About five years ago, I made a commitment to write daily. How many words? It doesn’t matter; the act itself does. Sometimes I put in hours, sometimes only thirty minutes. Now that I’ve retired early from academic work, I look forward to many days as a full-time writer. However, while I was packing, downsizing, moving across the country, unpacking, and doing all the paperwork of setting up in a new place, I only had time to write a paragraph each night before going to bed. So why did I bother?
One, it kept me in touch my work in progress. Even the briefest engagement with it feeds the underground springs, the aquifer of ideas. As long as I make that daily connection with the characters, they stay alive in my mind and show up to join me, in a way, while I’m doing things like walking or running that tend to promote creative free flow.

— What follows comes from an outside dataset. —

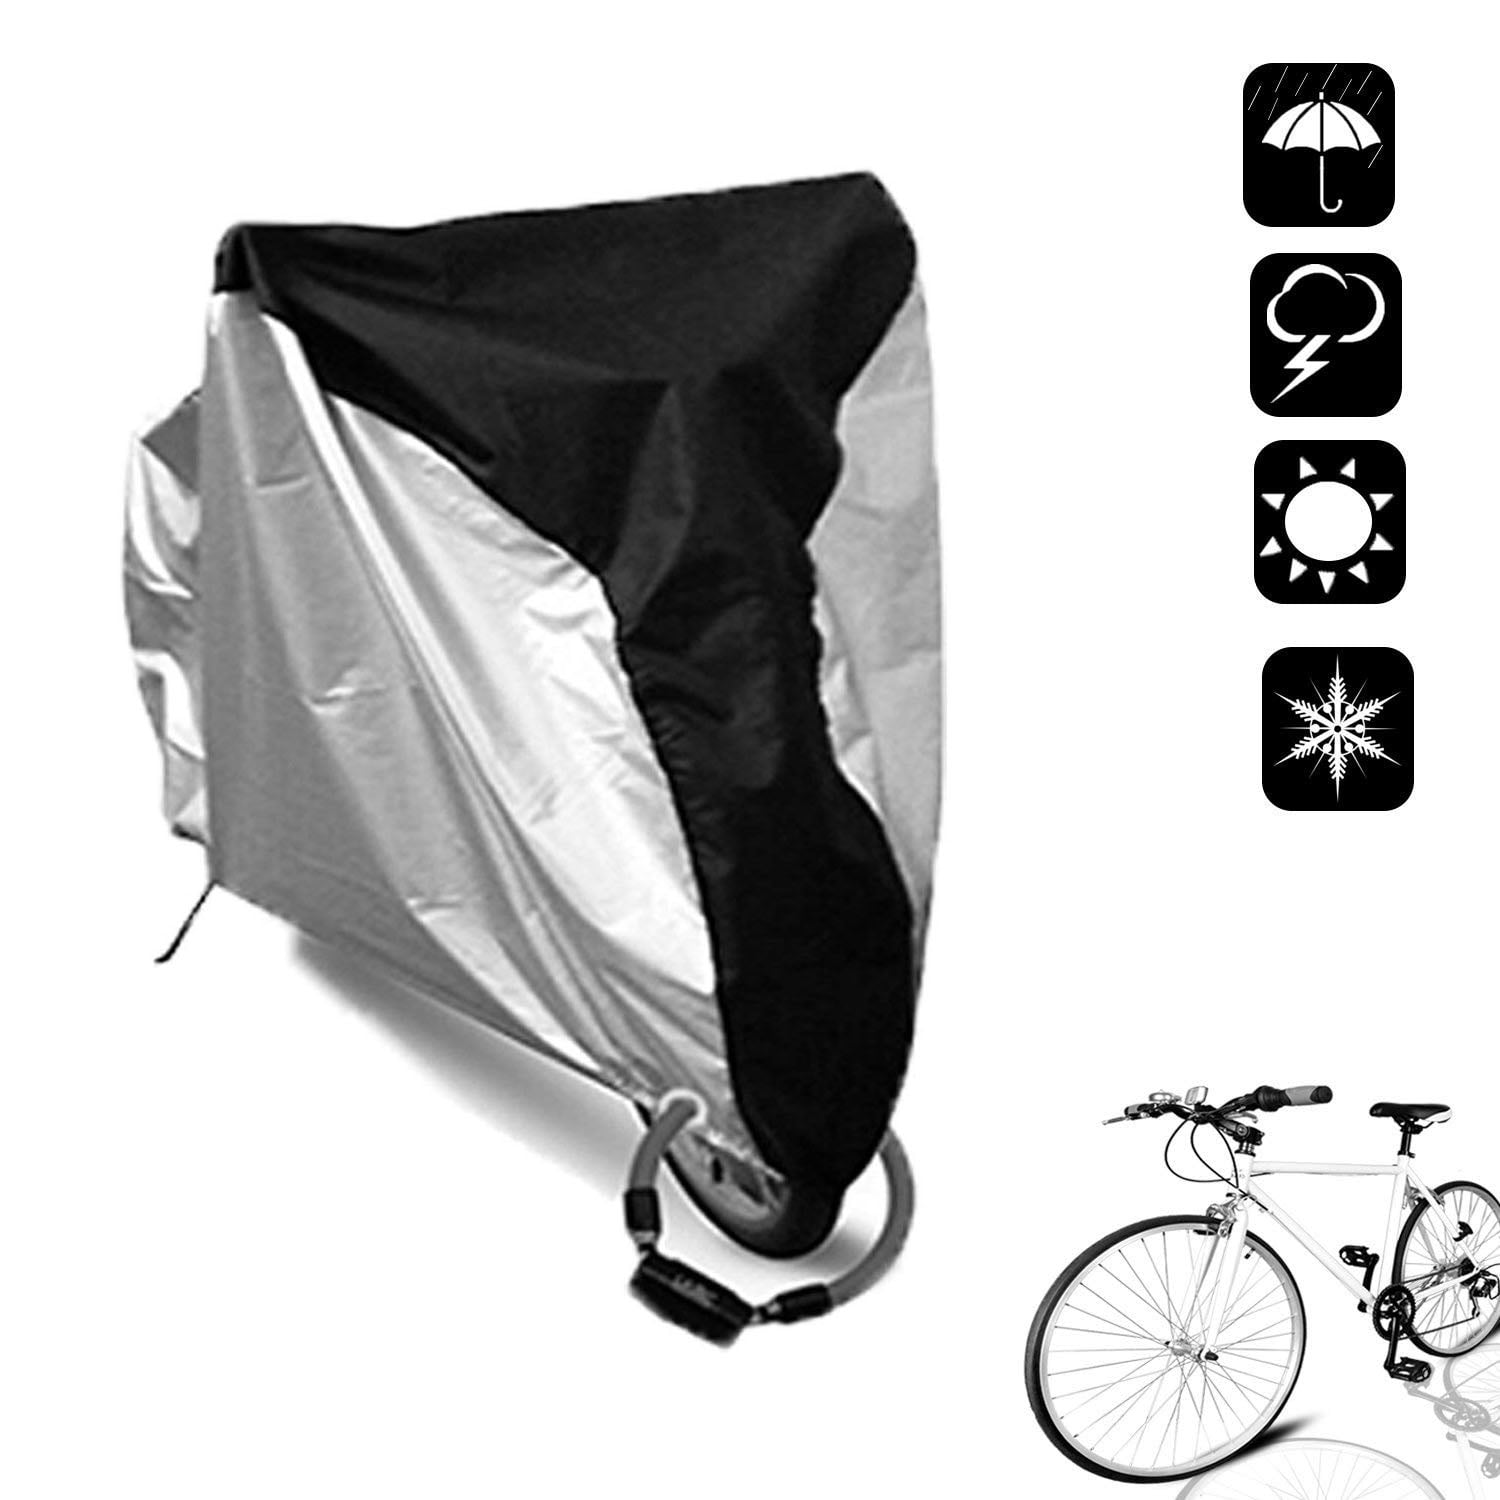 Road Bike Details about   ATCG Bike Cover 190T Nylon Waterproof Bicycle Cover for Mountain Bike

Skill is the other reason I keep the daily commitment. Like practicing yoga daily, writing keeps my verbal skills flexible and my imagination in shape. In one of my brief writing sessions while on the road, I came up with some lines I love so much I’m afraid they may be darlings I’ll have to kill. Nonetheless, they gave me insight into a character’s thinking about relationships and intimacy, an “aha” moment inside his head.
I take breaks from individual books. I’m working on Book Seven while Book Six is being critiqued, and then I’ll get back to revisions on Book Six while Book Seven rests. The separation from each story helps me see it with fresh eyes, but so far I don’t want a break from writing.
Do you take some days or weeks off between projects or do you write daily?